Our Certificate of Incorporation provides that the Court of Chancery of the State of Delaware will be the exclusive forum for actions or proceedings brought under Delaware statutory or common law: (1) any derivative action or proceeding brought on our behalf; (2) any action asserting a breach of fiduciary duty; (3) any action asserting a claim against us arising under the DGCL; (4) any action regarding our Certificate of Incorporation or Bylaws; (5) any action as to which the DGCL confers jurisdiction to the Court of Chancery of the State of Delaware; or (6) any action asserting a claim against us that is governed by the internal affairs doctrine. Our Certificate of Incorporation further provides that the federal district courts of the United States of America will be the exclusive forum for resolving any complaint asserting a cause of action arising under the Securities Act of 1933, as amended. Such provision is intended to benefit and may be enforced by us, our officers and directors, employees and agents. Although Certificate of Incorporation contains the choice of forum provisions described above, it is possible that a court could find one or more of these provisions inapplicable for a particular claim or action or that such provision is unenforceable. Further, notwithstanding anything in our Certificate of Incorporation and Bylaws, investors cannot waive compliance with the federal securities laws and regulations thereunder.

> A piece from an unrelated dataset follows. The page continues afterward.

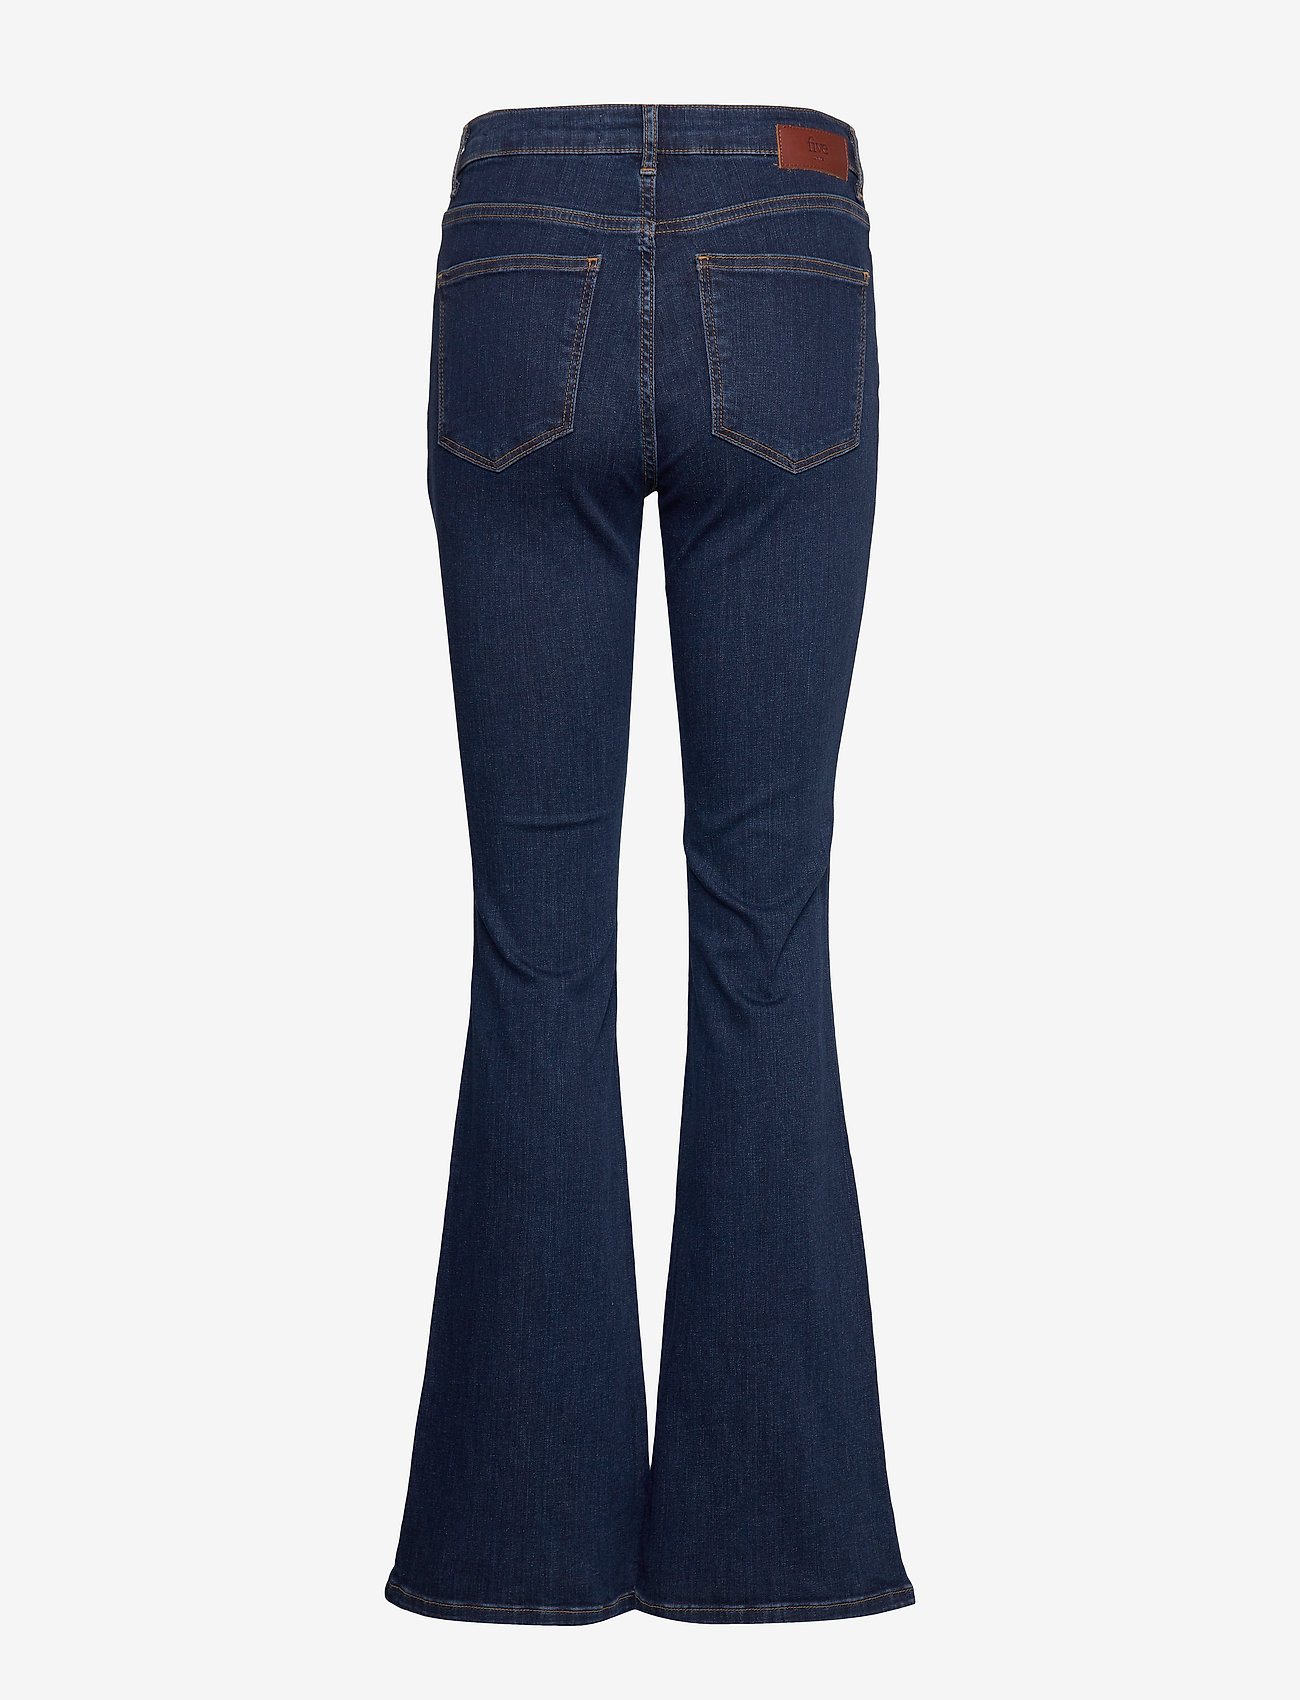 FIVEUNITS - Naomi 595 - utsvängda jeans - dark recycled - 1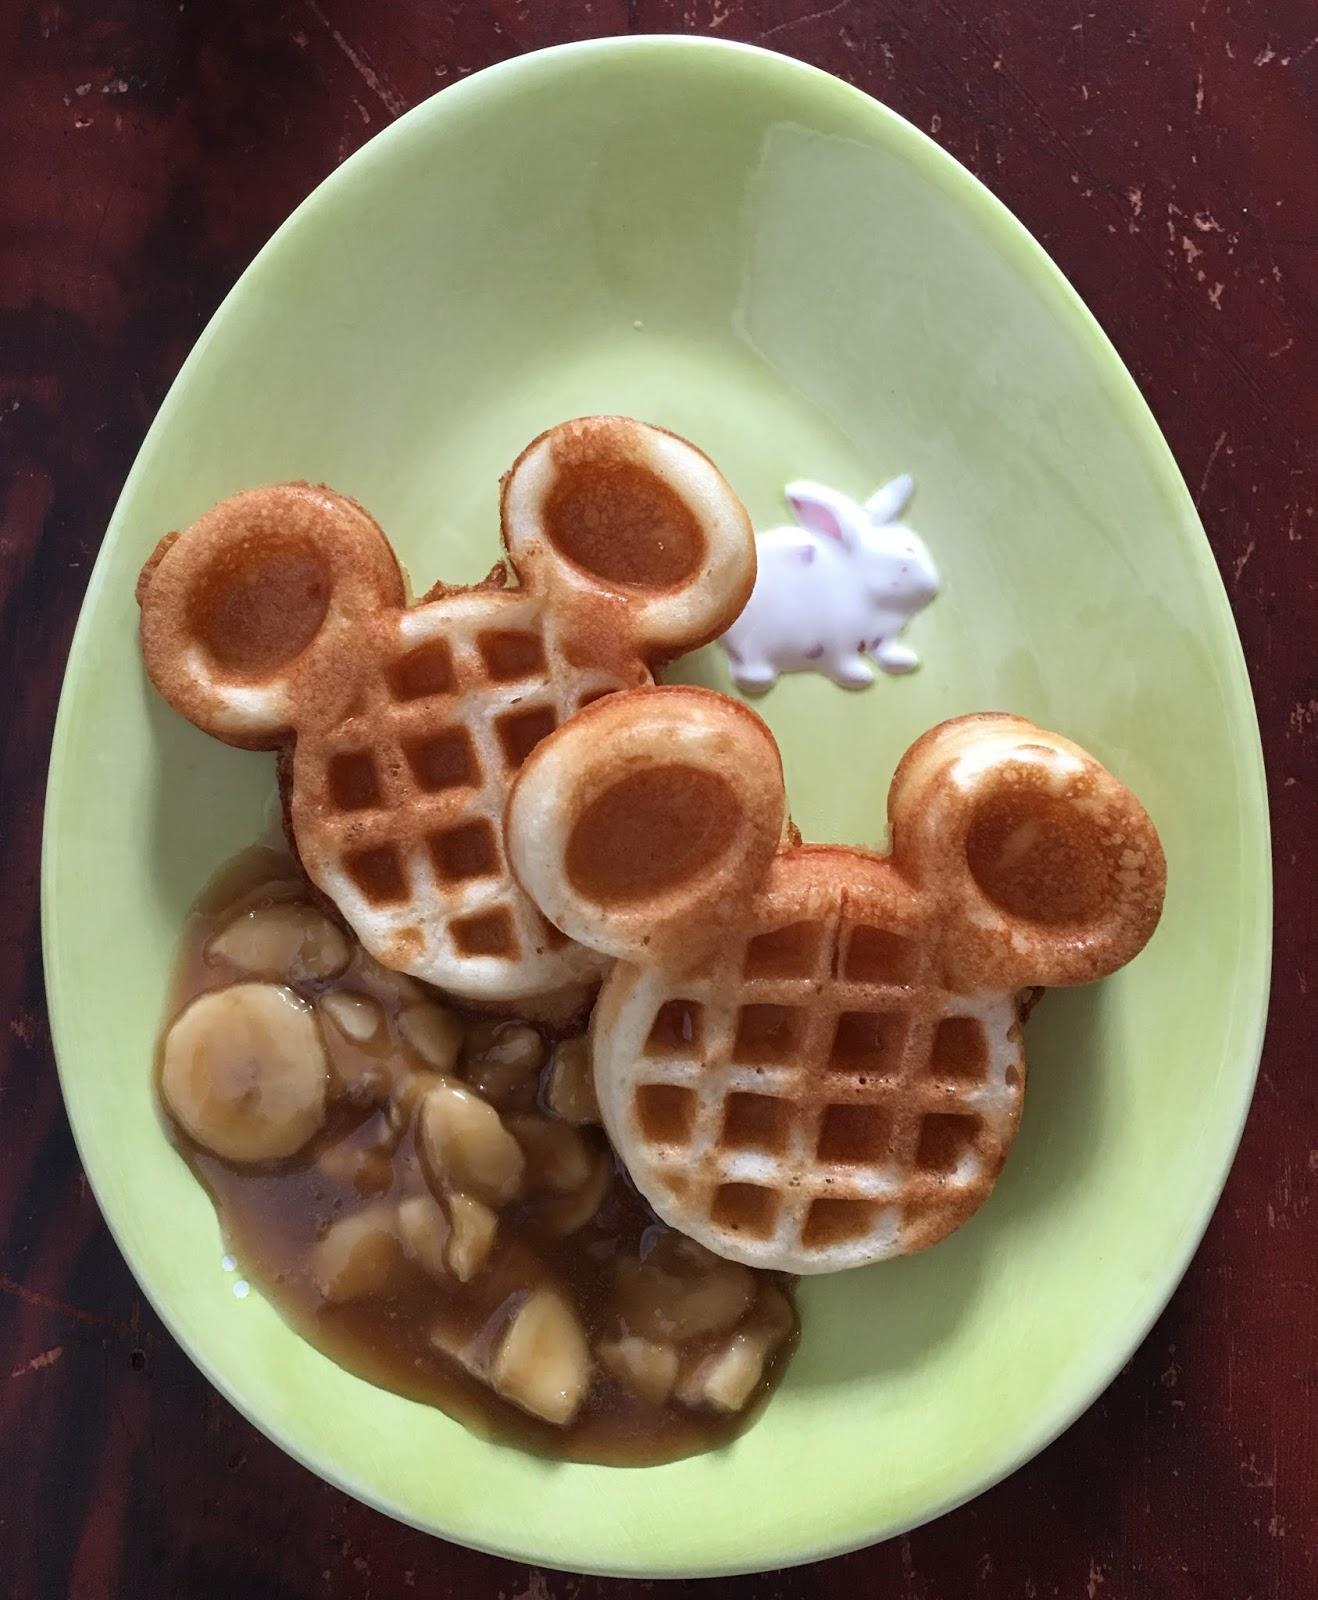 bellegem waffle mix instructions

The choice of forum provisions will not apply to suits brought to enforce any liability or duty created by Exchange Act or any other claim for which the federal courts have exclusive jurisdiction.

If any action the subject matter of which is within the scope described above is filed in a court other than a court located within the State of Delaware (a “Foreign Action”), in the name of any stockholder, such stockholder shall be


deemed to have consented to the personal jurisdiction of the state and federal courts located within the State of Delaware in connection with any action brought in any such court to enforce the applicable provisions of our Certificate of Incorporation and Bylaws and having service of process made upon such stockholder in any such action by service upon such stockholder’s counsel in the Foreign Action as agent for such stockholder.

These choice of forum provisions may limit a stockholder’s ability to bring a claim in a judicial forum that it finds favorable for disputes with us or any of our directors, officers, other employees or stockholders, which may discourage lawsuits with respect to such claims or make such lawsuits more costly for stockholders, although our stockholders will not be deemed to have waived our compliance with federal securities laws and the rules and regulations thereunder.

Exchange Listing

Our common stock is listed on the Nasdaq Global Market under the symbol “ELYM.”

Transfer Agent and Registrar

The transfer agent and registrar for our common stock is American Stock Transfer & Trust Company, LLC. The transfer agent’s address is 6201 15th Avenue, Brooklyn, New York 11219 and the telephone number is ###-###-####.